# [Goal of the exercise]
Starting with the line that contains "SVG of Aacen", repeat each line exactly through the final line of the listing. No picture should appear in the copy.

# [Material provided]

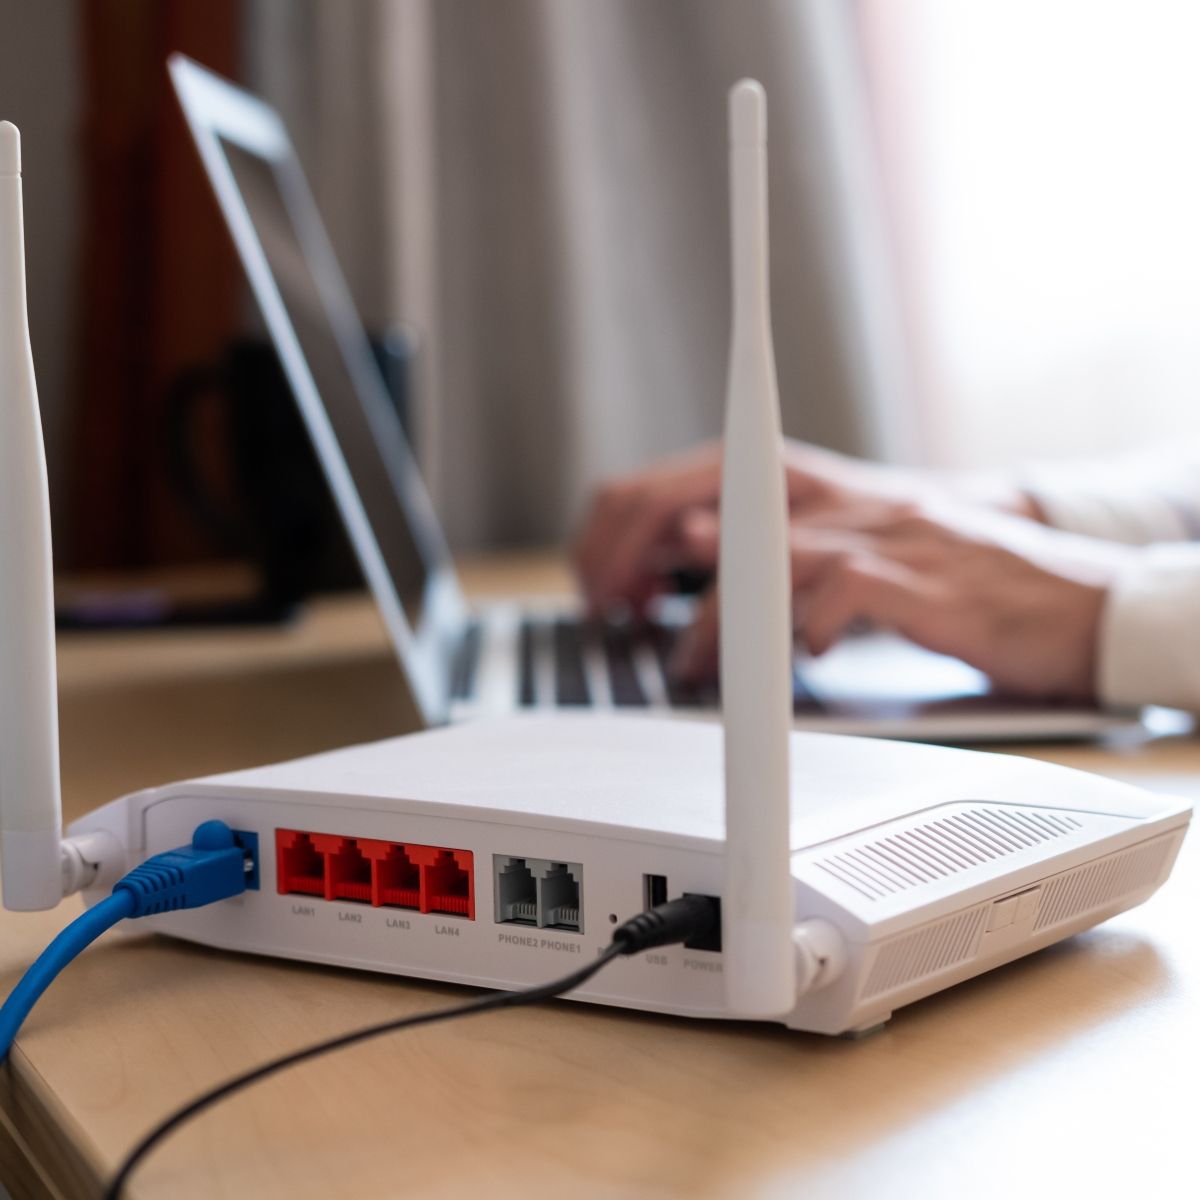 Router in front of a laptop
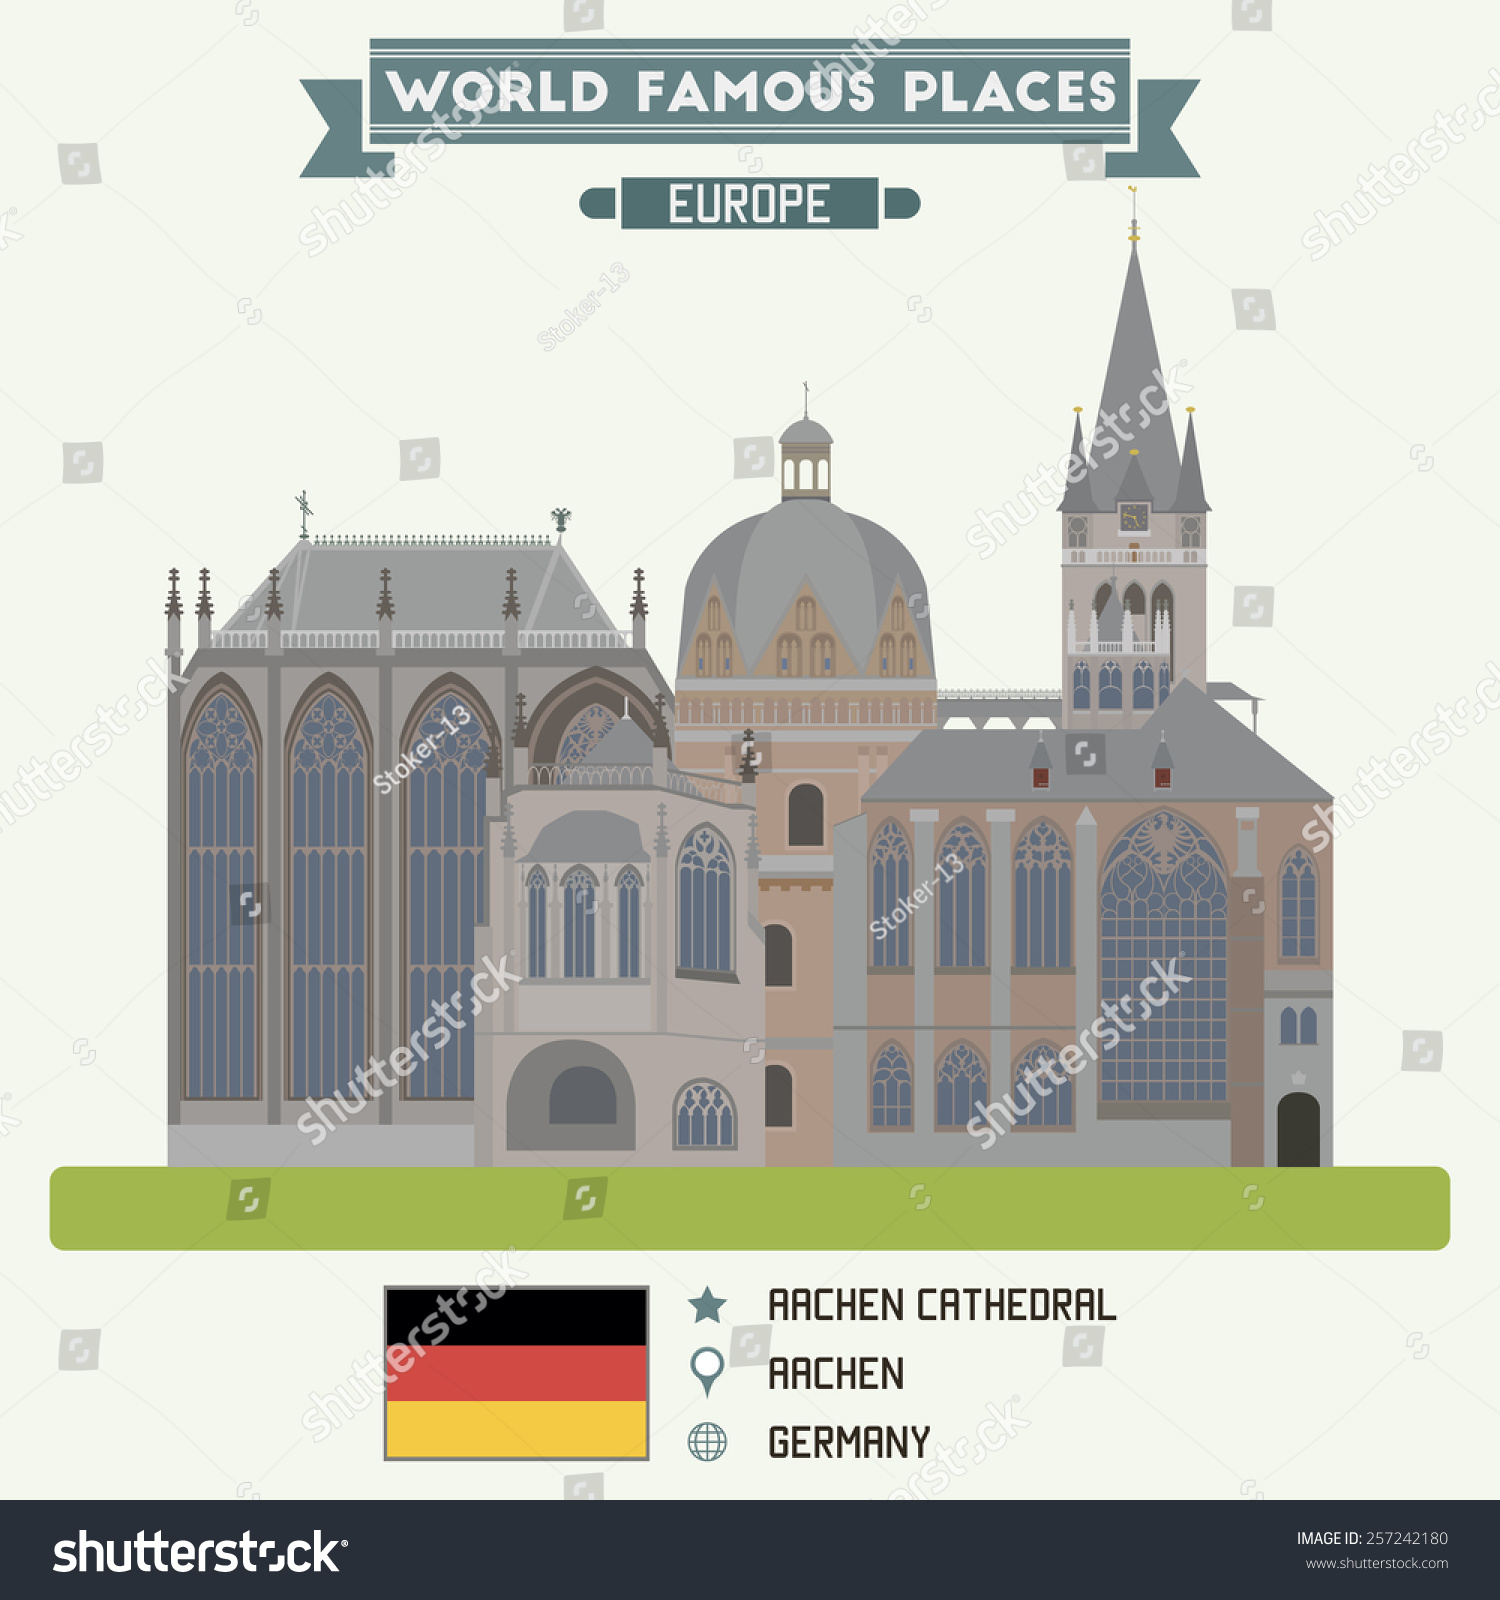 SVG of Aacen Cathedral. Germany famous places svg
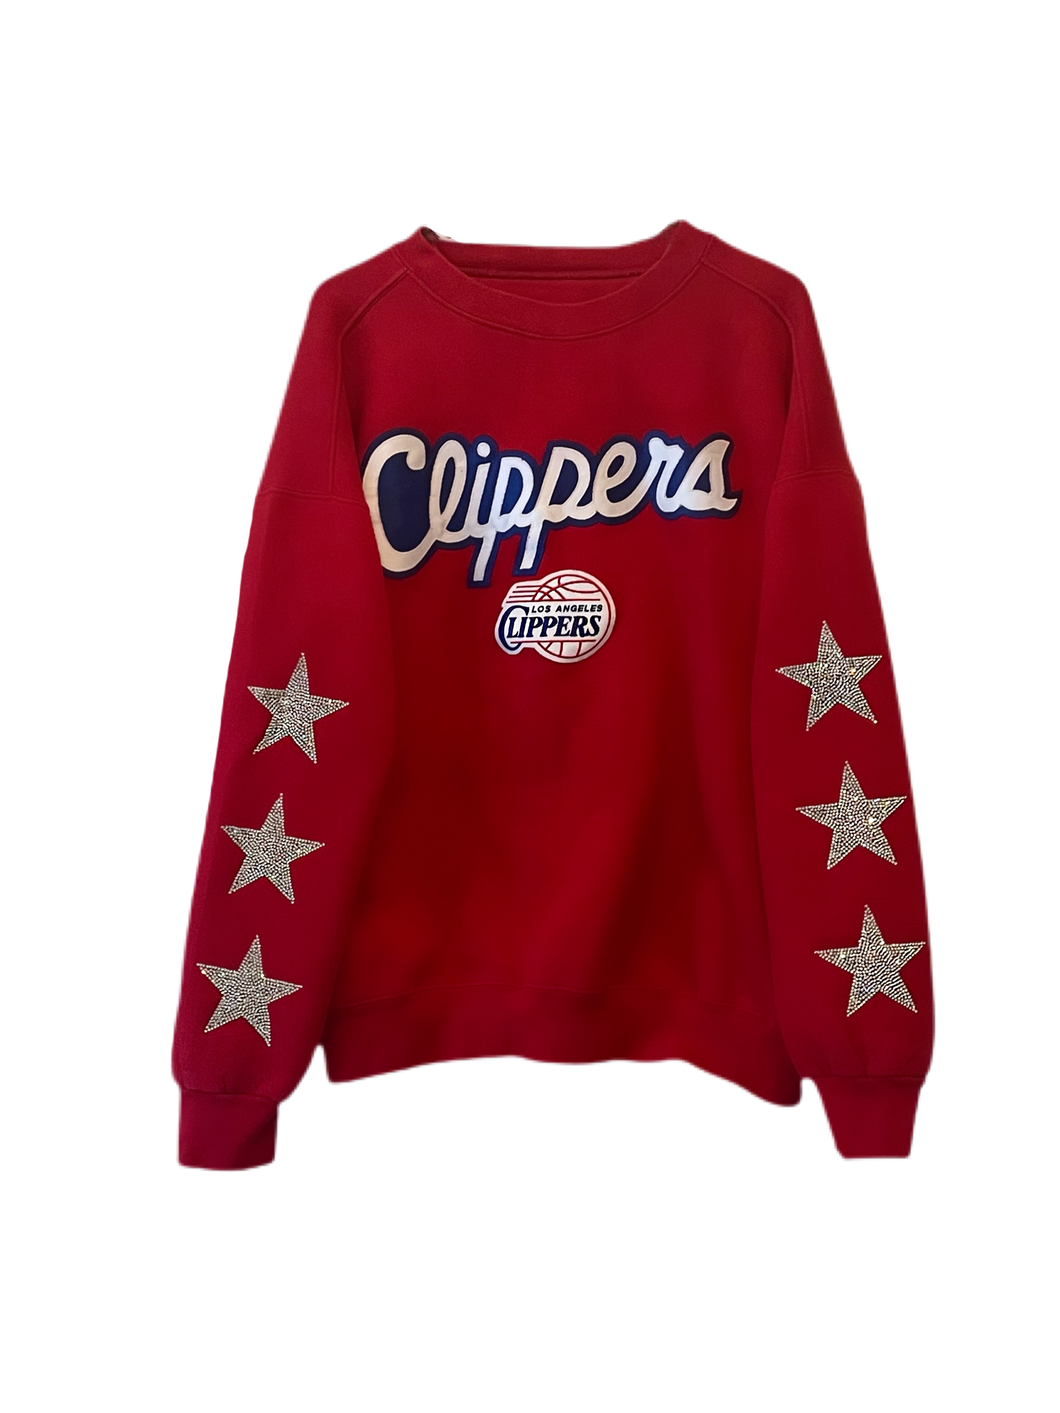 LA Clippers, NBA One of a KIND Vintage Sweatshirt with Crystal Star Design

# [Answer to this problem]
 SVG of Aacen Cathedral. Germany famous places svg
 LA Clippers, NBA One of a KIND Vintage Sweatshirt with Crystal Star Design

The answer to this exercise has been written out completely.